4.5. Warehouses for storing cylinders filled with gases should be one-story, with light-type coatings and not have attic spaces. Walls, partitions, coverings of gas storage warehouses must be made of non-combustible materials of at least II degree of fire resistance; windows and doors should open outward. Glass on windows and doors must be frosted or painted white. The height of storage facilities for cylinders must be at least 3.2 m from the floor to the lowest protruding parts of the roofing. The floors of warehouses must be flat with a non-slip surface, and warehouses for cylinders with combustible gases - with a surface made of materials that exclude the formation of sparks when hit by any object.
4.6. Warehouse lighting for flammable gas cylinders must comply with the regulations for hazardous areas.
4.7. Warehouses must be posted with instructions, rules and posters for handling cylinders in the warehouse.
4.8. Warehouses for cylinders filled with gas must have natural or artificial ventilation in accordance with the requirements of sanitary standards for the design of industrial premises.
4.9. Warehouses for cylinders with explosive and flammable gases must be located in the lightning protection zone.
4.10. Warehouse for storage of cylinders must be divided by non-combustible walls into compartments, in each of which it is allowed to store no more than 500 cylinders (40 l) with flammable or poisonous gases and no more than 1000 cylinders (40 l) with non-flammable and non-toxic gases.
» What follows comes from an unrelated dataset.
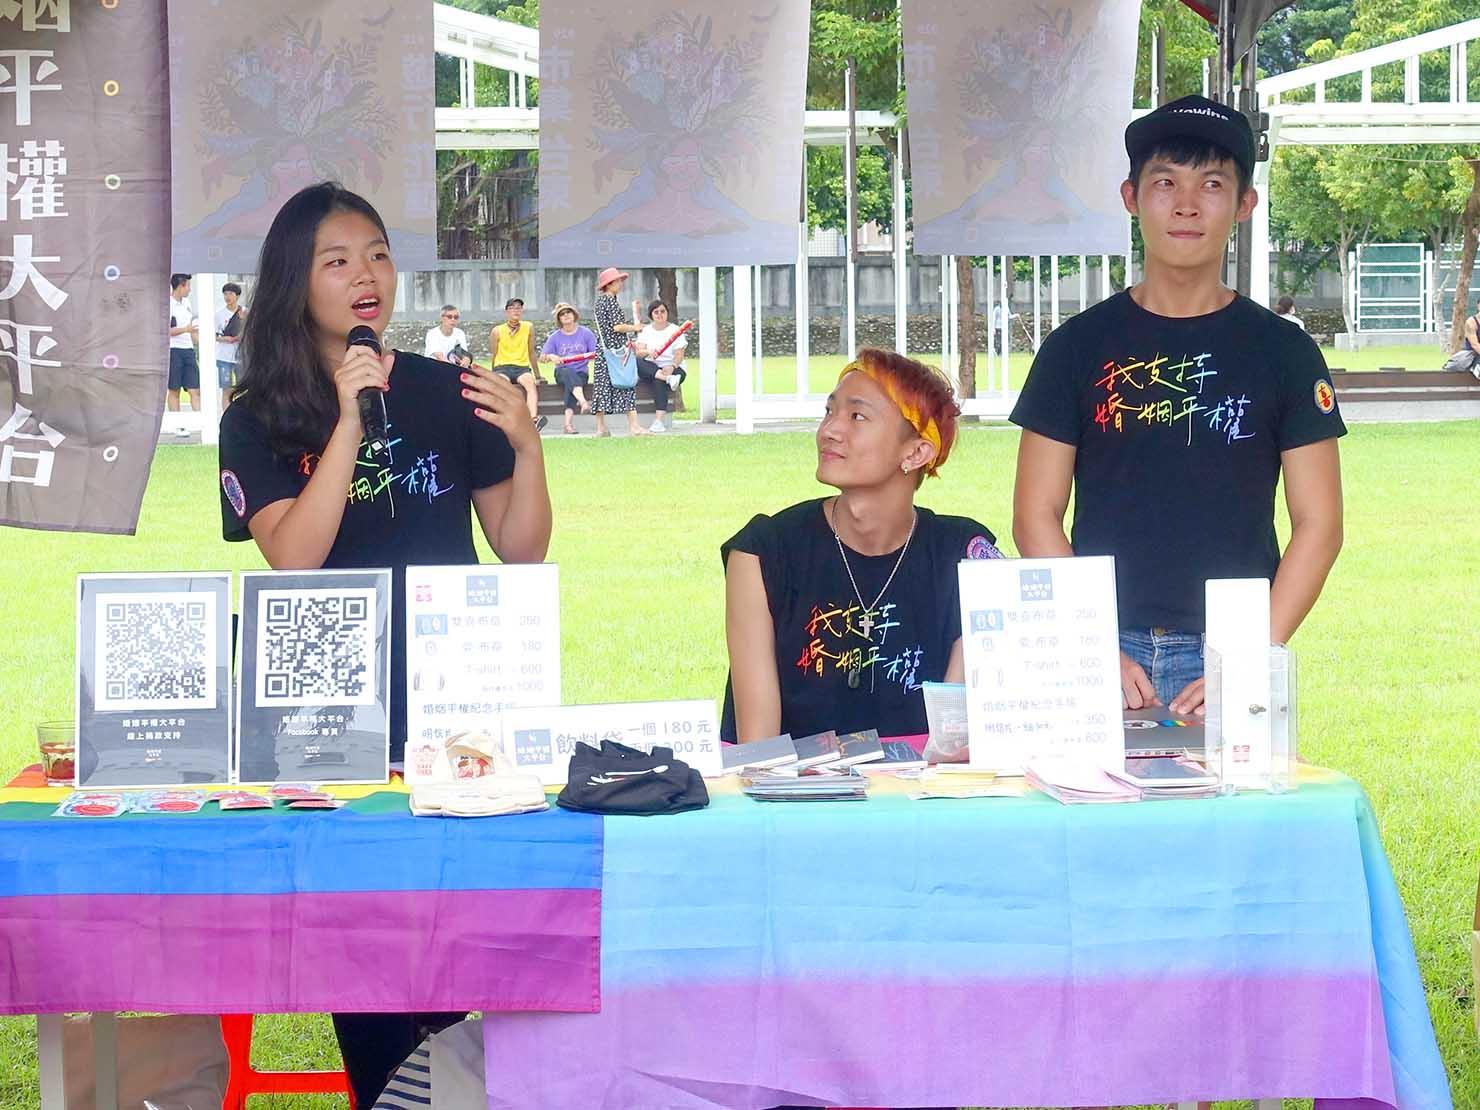 花東彩虹嘉年華(台湾東部LGBTプライド)の会場ブース紹介

Compartments for storing cylinders with non-flammable and non-toxic gases must be separated by non-combustible partitions with a height of at least 2.5 m with open openings for the passage of people and openings for mechanization. Each compartment must have its own exit to the outside.
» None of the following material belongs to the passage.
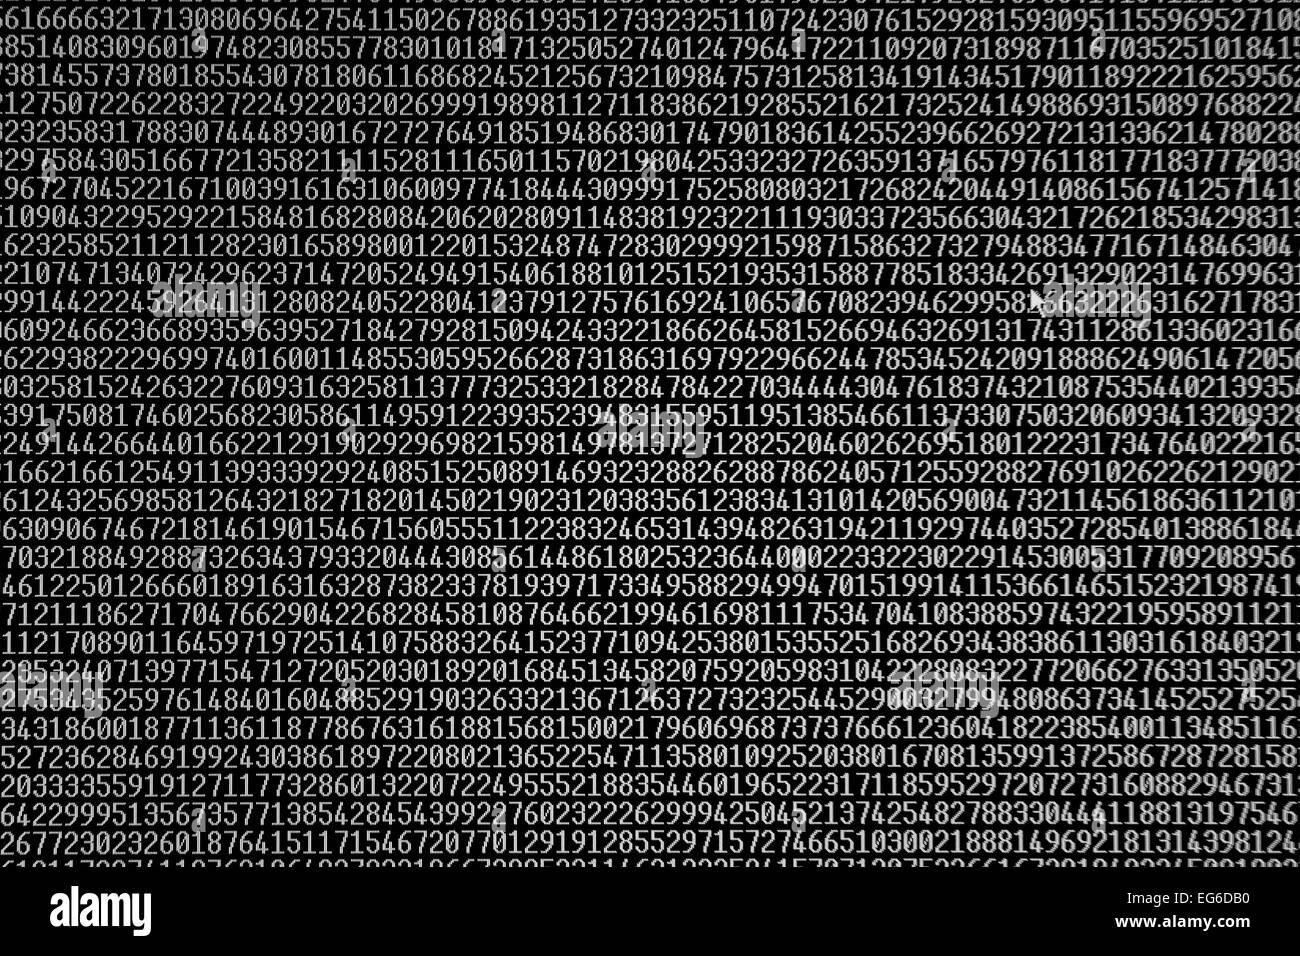 Zufällige Zahlen auf einem Computermonitor Stockbild

4.11. Gaps between warehouses for cylinders filled with gases, between warehouses and adjacent industrial buildings, public premises, residential buildings must meet the requirements of RD.
4.12. Cylinders that are found to be leaking gas must be immediately removed from the warehouse to a safe place.
4.13. The storage room for combustible gases must be equipped with gas analyzers, and in their absence, the facility administration must establish a procedure for taking and monitoring air samples.
4.14. Warehouses for the storage of cylinders with combustible gases must have permanently operating forced ventilation to ensure a safe concentration of gases.
In these warehouses, only water, low-pressure steam or air heating is allowed.
On the door (gate) of warehouses for gas cylinders it is necessary to hang out signs indicating the extinguishing agent that is allowed to be used during a fire.
Service personnel must be aware of the fire hazard of gas stored in a warehouse, the procedure for evacuating cylinders and the rules for extinguishing combustible gases.
4.15. Not allowed:
4.15.1. Storage of any foreign substances, materials, equipment, objects in gas cylinder warehouses.
4.15.2. Transportation and storage of gas cylinders without protective caps and plugs screwed onto fittings.
4.15.3. Storage of cylinders with a damaged body (dents, cracks, corrosion, etc.), as well as with an overdue period of periodic inspection.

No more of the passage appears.